Stan examples of using fft

The fft and inv_fft will be in the next release. I’m wondering if anyone could put together Stan code to show distribution convolutions or other examples? I’m no expert with these - let me know if the following things even make sense! - but interested in the applications and how this would look in Stan.

  • GP speed ups from Grid based gaussian process speedup - #3 by pgree
  • Convolution of probability distributions
    • Signal processing
    • Impulse response. Convolution of dirac delta “impulse” and a distribution. These are interesting in Economics and Marketing. Say you have a steady state and it is perturbed by an external force. How does that external force propagate through the steady state system over time? Supply shocks in Economics such as oil price shock or demand shocks such as interest rate changes. In Marketing, this could be introduction of advertising (as a demand shock) and how this effects sales.
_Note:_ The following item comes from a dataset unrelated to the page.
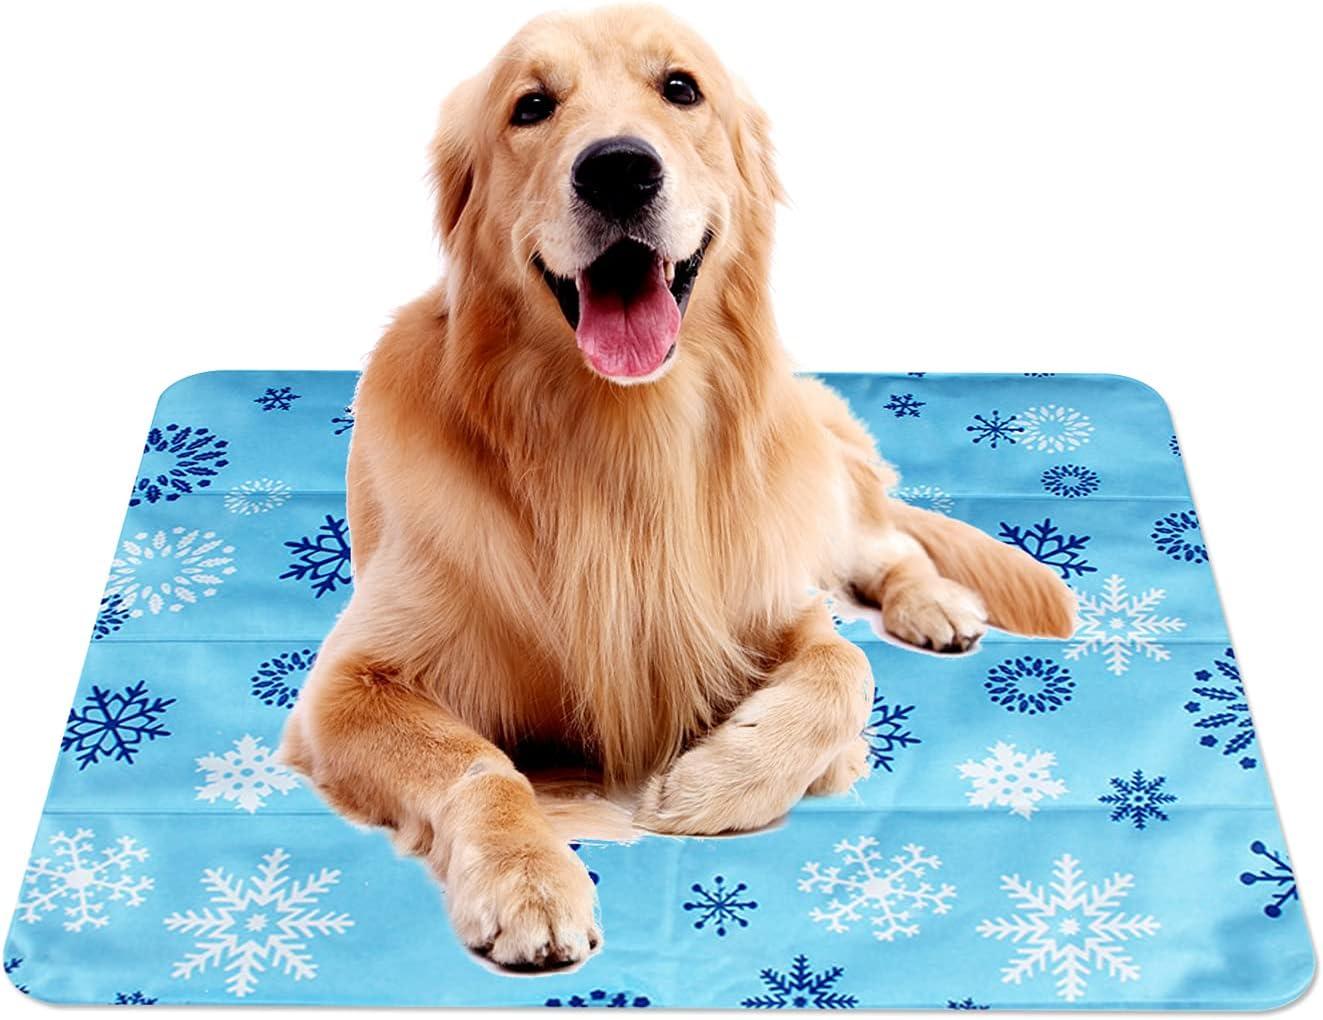 Gwotfy Alfombrilla de Refrigeración para Perros y Gatos, Enfriamiento para Camas de Mascotas, Alfombrilla para Animales, Gel no Tóxico, Autoenfriante, Alfombra Refrescante para uso Interior y Exterior

@pgree @WardBrian @Bob_Carpenter


Bob and I have been working on an implementation of the phase retrieval approach described in this paper: Optica Publishing Group

The model in Stan is pretty simple aside from some indexing logic around the “beamstop” described, and it optimizes well in Stan. We’re writing a case study up but I’m not sure if it will be ready in time to say link from the release notes. We haven’t taken the time to really evaluate sampling yet, but that should also be interesting


I would be happy to write a 1D and/or 2D deconvolution case study or something similar. Does anybody know of some simple open source data we could use? Some classic 1D examples include gamma ray detectors and early 1900s sound recording equipment with resonant frequencies (Deconvolution)